After I had visited various sites commemorating the Buddha’s ancient presence, it was my cabbie’s turn. I would now wait for him. On the way back to Varanasi, he stopped at a chai stand along the road and chatted with some friends. I waited in the back of the rickshaw, which fortunately and unfortunately didn’t have windows because it was still pretty hot, even for January in India.

And that’s when it happened. And if you’ve been to India, this has happened to you… Probably several times. You’re in a tight, inescapable place, usually it’s a traffic stop, and a woman walks up to you with a baby on her hip. She’s dressed in a sari. The baby looks malnourished and miserable. The lady usually looks the same.

She looks you dead in the eyes, speaks Hindi (or the local dialect) and gestures with her hand that she needs food for her and her baby. The gesture is universal, it probably arises in every culture on Earth: the tips of the fingers meet the tip of the thumb and the hand goes to the lips. Over and over, repeatedly, hypnotically.

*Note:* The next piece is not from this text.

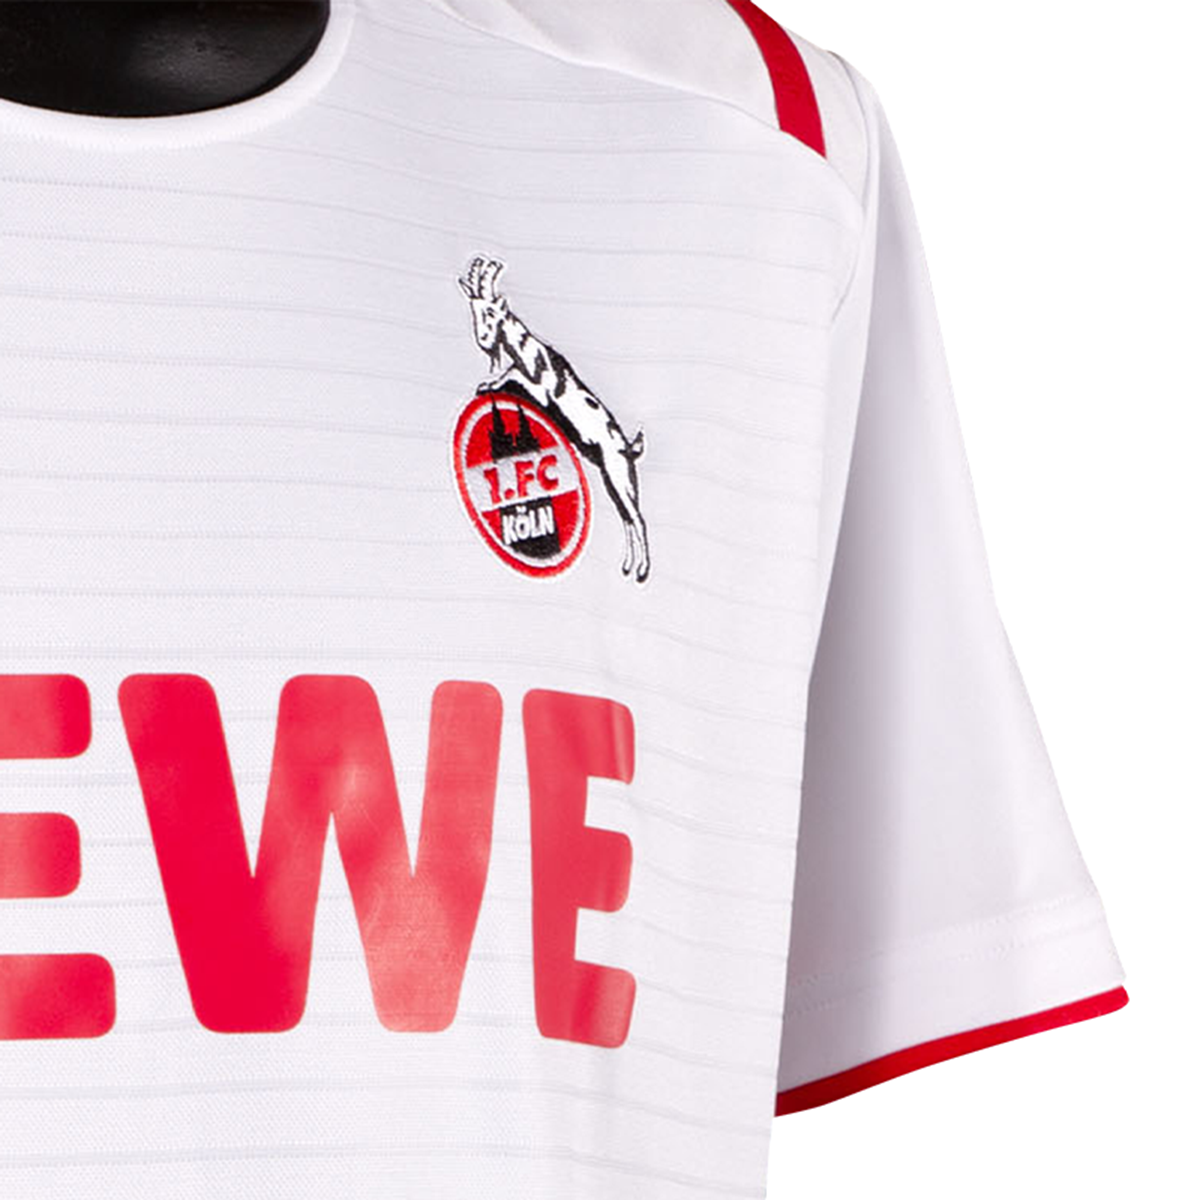 Uhlsport 1.FC Köln Heimtrikot Trikot Shirt 2019/2020 Kinder weiss

I turned away. I was trapped and didn’t like it. She kept saying, “10 rupees, 10 rupees, 10 rupees, 10 rupees” while looking back and forth between me and her child, trying to lead my eyes with her eyes to her baby’s eyes… This was very painful for me to see.

But even more painful was my turning away. Because it’s not like me. Or it didn’t agree with the image I had of myself at that time, only a year and a half ago. “This is not who I am”, I thought… And I knew I was right.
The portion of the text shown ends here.